▶ **Task requirements**:
Using the material below, repeat exactly the lines from the one with "Scandinavian Lamino Leather" through the one with "The Lamino Chair", ends included, without any images.

▶ **Data for review**:

_ _ _ _ _

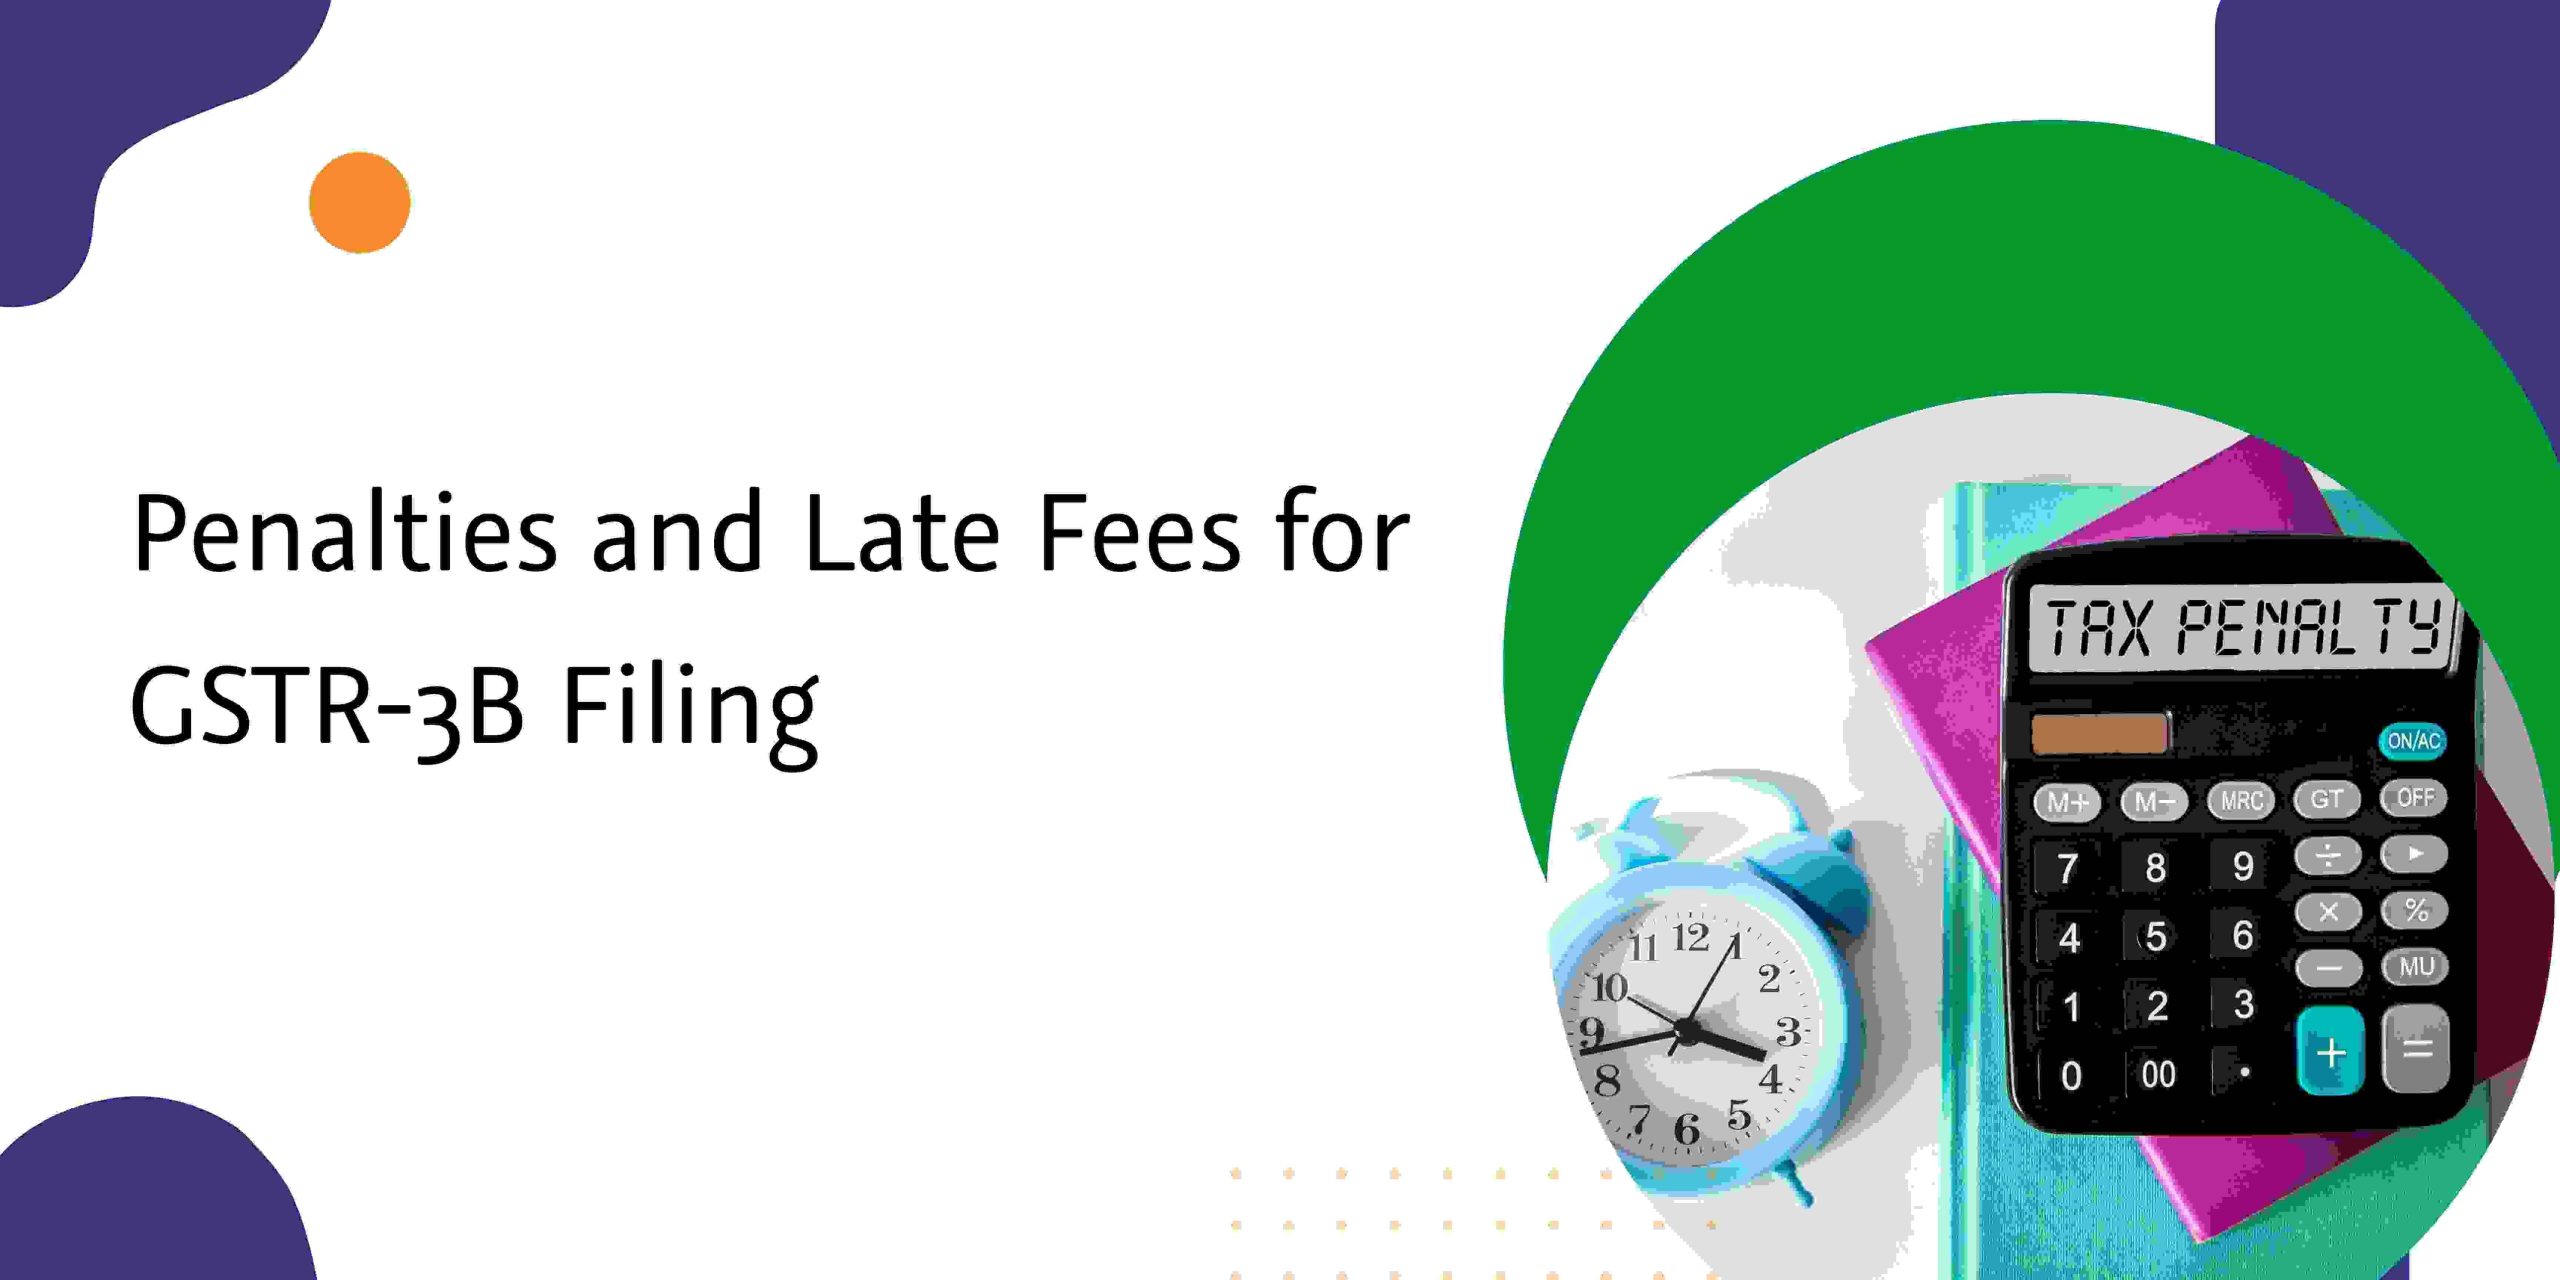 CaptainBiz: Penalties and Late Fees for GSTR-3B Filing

_ _ _ _ _

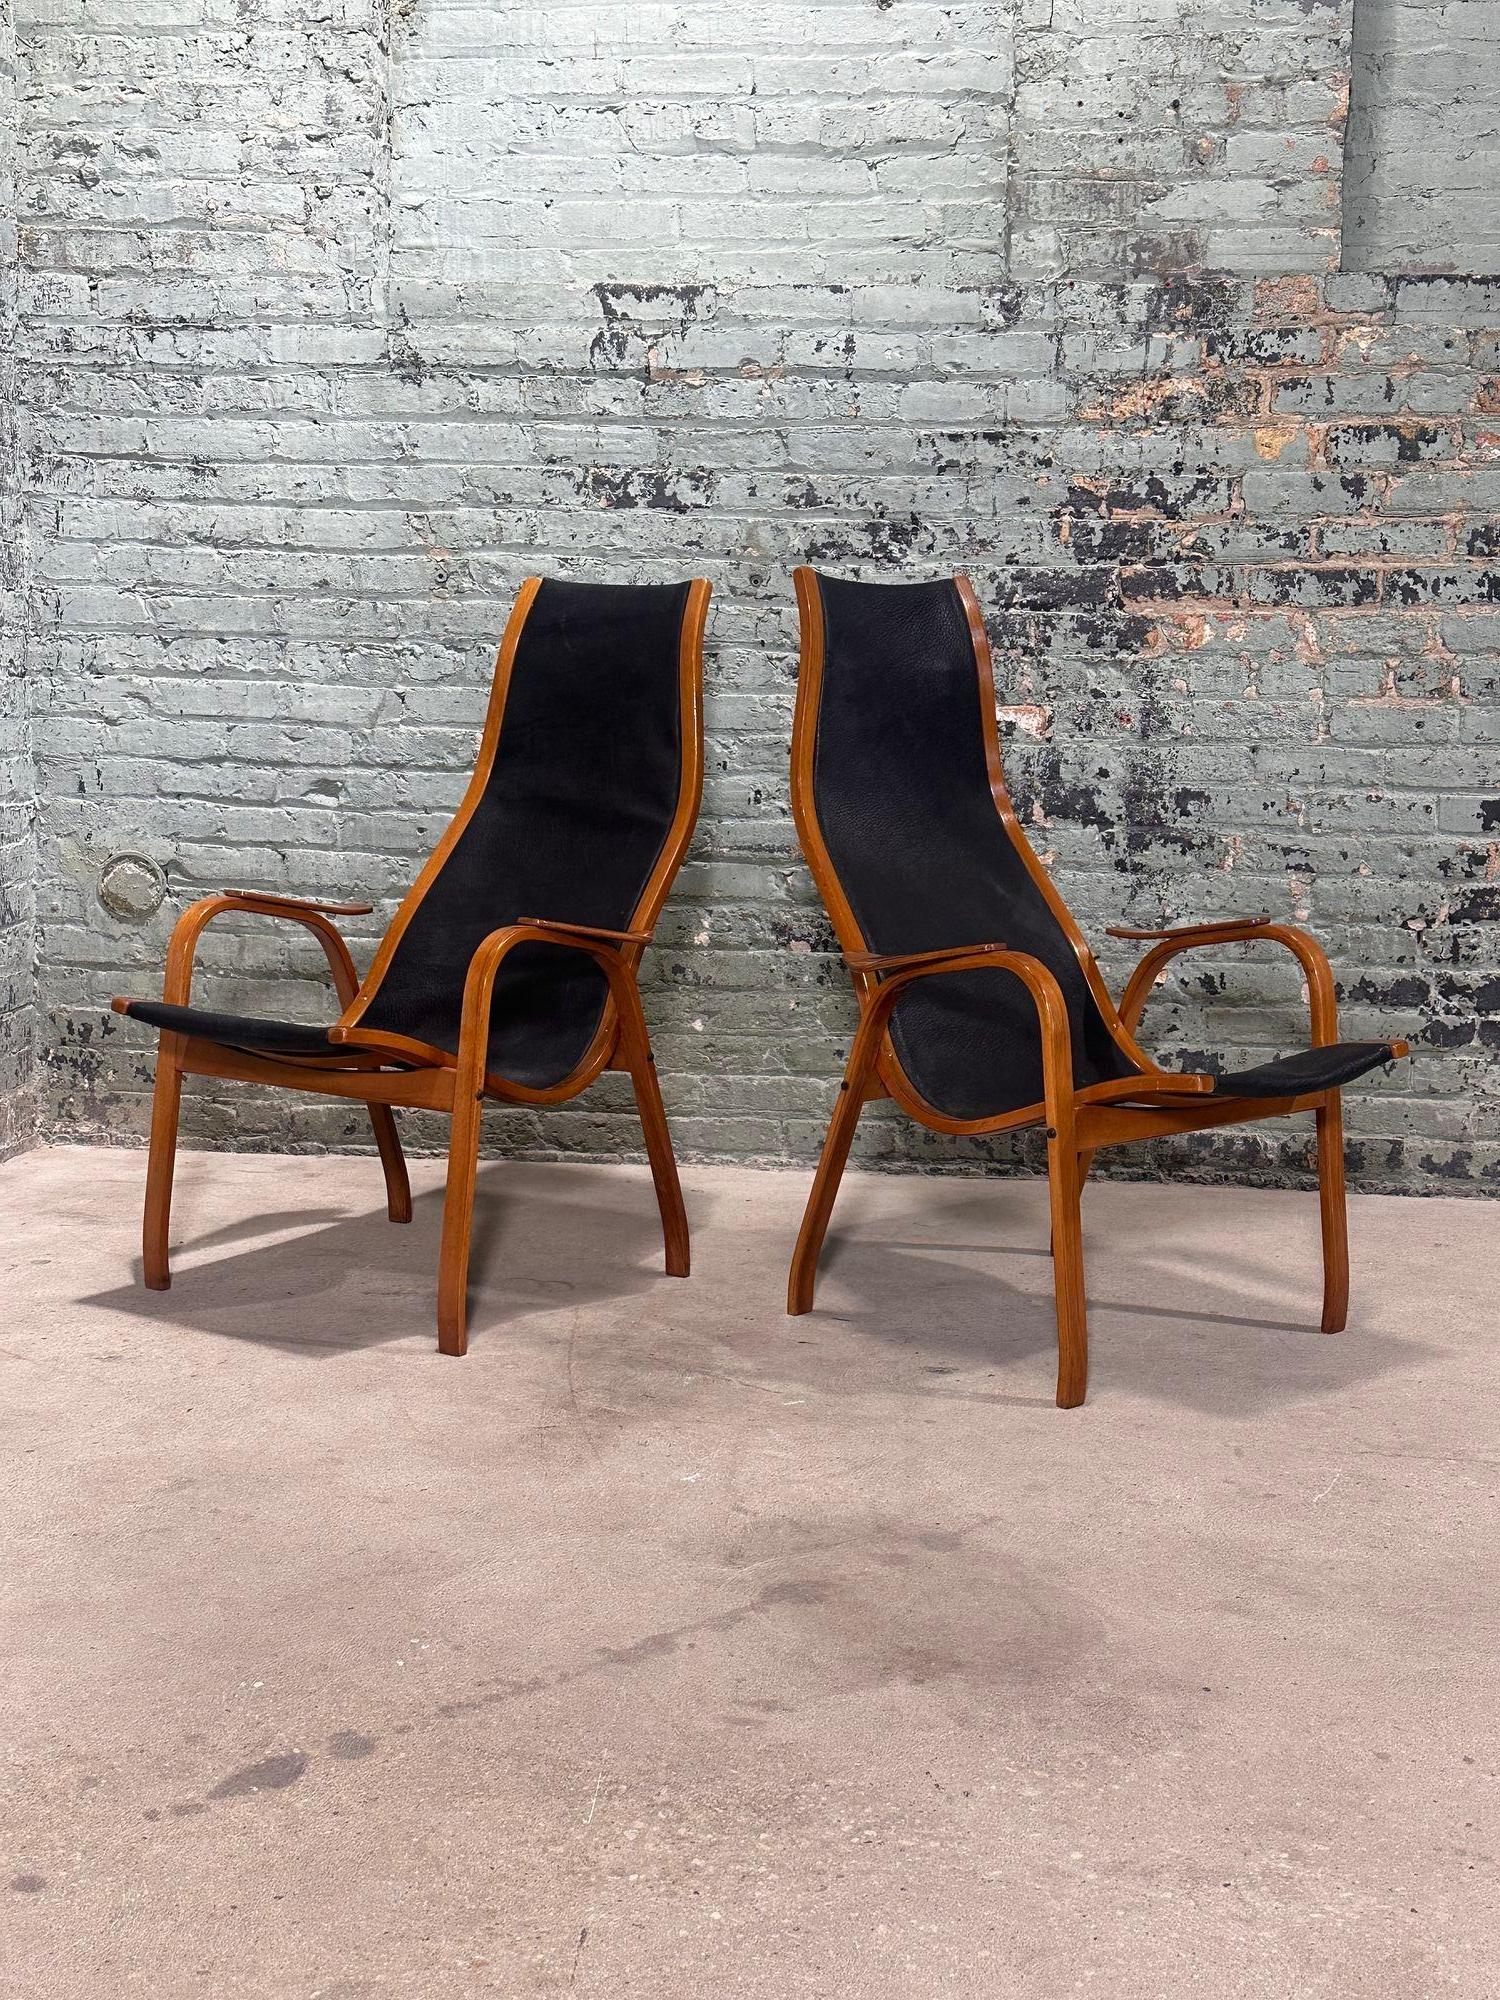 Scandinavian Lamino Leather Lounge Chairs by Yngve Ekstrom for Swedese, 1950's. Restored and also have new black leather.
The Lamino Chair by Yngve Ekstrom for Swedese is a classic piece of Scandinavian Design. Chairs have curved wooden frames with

_ _ _ _ _

▶ **Solution for this exercise**:
 Scandinavian Lamino Leather Lounge Chairs by Yngve Ekstrom for Swedese, 1950's. Restored and also have new black leather.
The Lamino Chair by Yngve Ekstrom for Swedese is a classic piece of Scandinavian Design. Chairs have curved wooden frames with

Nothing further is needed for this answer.